Jason Logan publishes a free newsletter every Friday about color and ink making that is the only newsletter or blog I read regularly and I look forward to it every week. He is also working on a documentary called The Color of Ink.
This is one of the books that the Biophlilium holds as Required Reading For Humans because it explains what a human is inside and out. In the first chapter Ed Yong explains symbiogenisis far more clearly and more satisfyingly than Lynn Margulis did in her seminal book on the subject. Each of our cells is descendant from a merger of bacteria and archaea. Oh.
Next he talked about biogeography. He compares the biogeographical studies by Darwin and Wallace to the micro-biome studies happening now. He talks about every body as a landscape with differing bio regions. Then he talks about the difficulty in identifying the individual. We actually use the genes of our microbes to develop our bodies and express our selfness.
The book investigates the ideas of symbiosis and dysbiosis by looking at a series of trophic cascades like coral reefs and then compares them to the human body. He presents cutting edge research on the effects of changes in our gut biomes to digestion, mental health and immune systems and suggests that more research into the microbes that live with us could lead to an entirely new approach to wellness and medicine.
This book greatly influenced how I expect the next 300 years on earth will play out and inspired me to get my gut biome sequenced. (Which was expensive and not very interesting, I think they just gave the same ambiguous results to everyone.)
Lab Girl is a terrific book. It’s about a woman’s life as a research scientist and about plants. Her analogies between botanical physiology and the scientific world are insightful and entertaining. I’ve learned so much about how seeds and leaves and roots work and about what a plant is. It’s beautifully written and I’ve read it far too fast.
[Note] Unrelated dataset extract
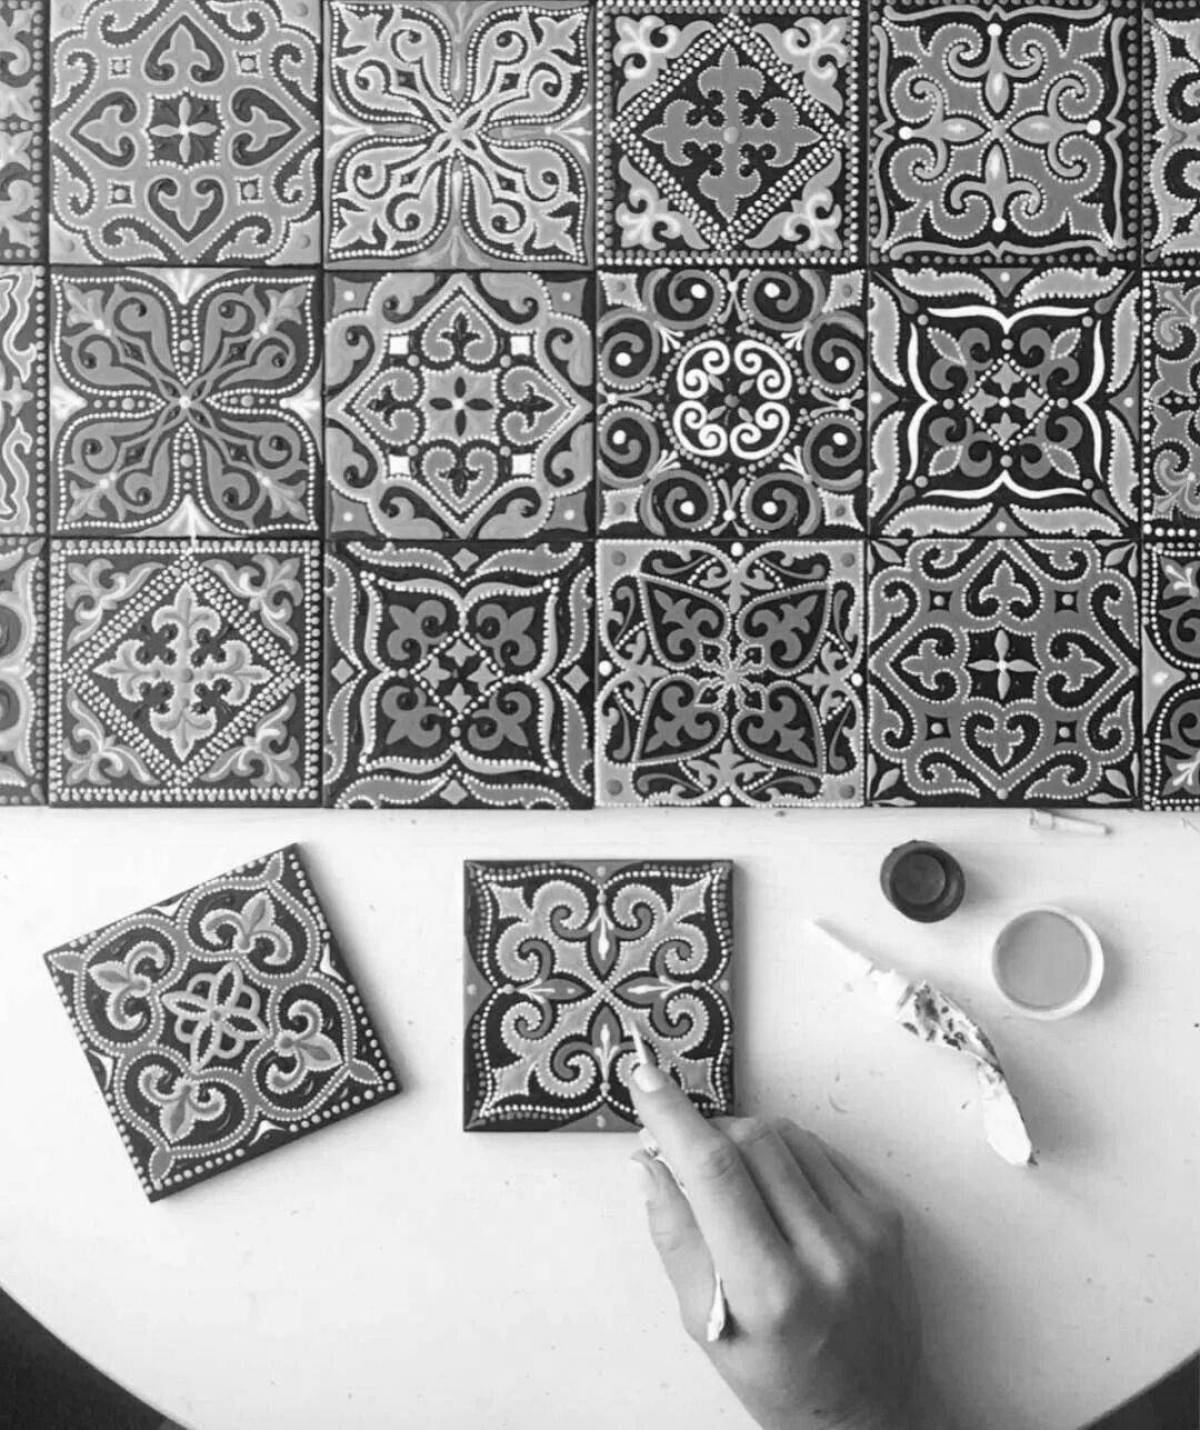 Detailed handmade ceramic tiles

Sum is a fun book about what happens in the Afterlife written by a neuroscientist . It’s 40 short pieces of speculative writing. It’s fiction, but there are no characters, instead you insert your own life and identity into the parameters described so the book is different for every one. Each one is creative and playful and funny and offers clever opportunities to reflect on your own life and identity.
Sum suggests an afterlife where you relive your life in different orders or from different points of view. It suggests afterlives where the underlying codes of reality are revealed in different ways. It presents novel ideas of heaven and hell or the creator or gods or our relationships with them. It is written with a patriarchal monotheistic baseline point of view but suggests different iterations of a creator/createe relationship that feel refreshingly naughty. Most iterations suggest that the creator is not interested in our prayers and does not do a lot of judgement but presents the Gods as scientists or doctors or amateur magicians with their own insecurities and loneliness. Some do not include a creator and are very fractal in the way they present infinity and eternity. Some offer ways to be everyone at once or to meet all of yourselves, weather from different ages or from different possible lives and all center on the satisfaction from the unraveling of a profound reveal. It’s an unchallenging way to do some self reflection and check in on how you feel about your life choices and what you think life is.
I always recommend Biocentrism by Robert Lanza. I should reread it so I remember exactly why I think it’s so important that you read it. It’s about the nature of consciousness and it uses the classic sexy physics demonstration, the double slit theory (that proves that matter behaves differently when it is observed) with entangled particles to illustrate that all matter in the universe existed only in a state of possibility until it snapped into existence when consciousness became aware of it. Maybe that was a spoiler.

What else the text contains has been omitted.